I started with the center piece just in front of the rear hatchway. I gently pried it loose by hand - no tools.
I then found I had to remove both seatbelt retainers by prying up the cover (bottom of pivot opens, top is hinged, and removing the bolt (17 mm hexhead). I also had to remove the folding handle in the liner over the passenger door (phillips head).
I then took down the rear side pillar cover (C Pillar?) . One phillips head screw at the top, and then gently pulling down the rest.
Also the B Pillar cover came off the same way after also removing the strap with a phillips head driver. I pulled the front side off and then pulled inward and upward, then rearward.
That was all I needed, so I didn't do any of the front. 
Turns out, the problem I had must have been the front passenger drain tube. Everything else looked fine. I used a string trimmer line that has wire in the middle, and plastic outside to feed through each drain. The only one that came up wet was the front, right. 
I then used some compressed air to blow it out. After three tries, I saw water running out of the rear of the corresponding wheel well. 
I tried removing the front cowl under the windshield, but after 6 years, the right wiper would not come off, and I didn't want to break anything by forcing it. Once we get some rain (or go to a car wash) we will see what happens!
Thanks to those who offered advice and help. Will post results after car wash!

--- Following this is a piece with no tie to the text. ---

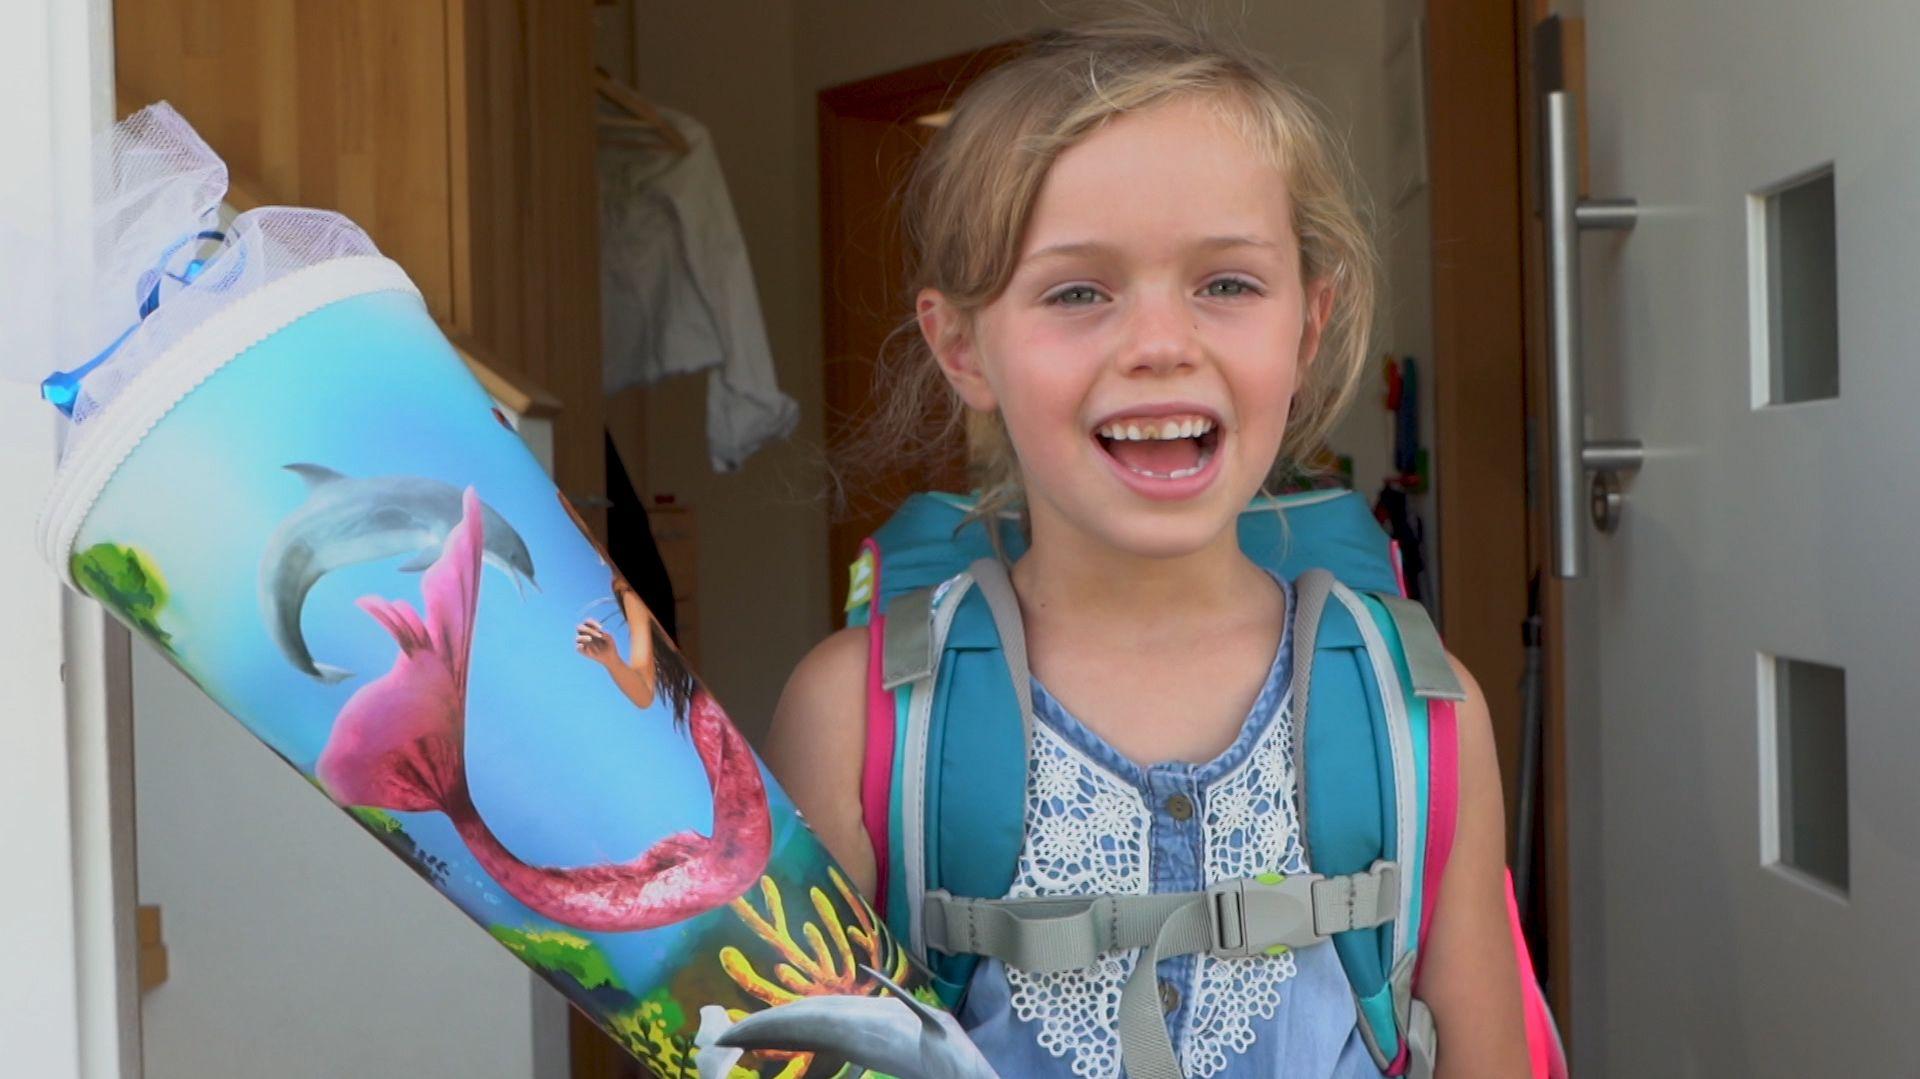 Baldige Schülerin Hanna mit Schultüte

_Modified by 02 TDI Beetle Victim at 2:25 PM 10-21-2008_


----------



## Good Old Car (Jan 19, 2007)

*Re: New Beetle Headliner removal - leaks (02 TDI Beetle Victim)*

You might have to use the wiper puller. Autozones have it. I used it with my 2000 gti a month ago after same thing happened, it didn't come out!!


----------



## 02 TDI Beetle Victim (Feb 18, 2007)

*Re: New Beetle Headliner removal - leaks (Good Old Car)*

Thanks. I think it's fixed FOR NOW!
I will definitely keep that in mind if/when this goes back to leaking.


----------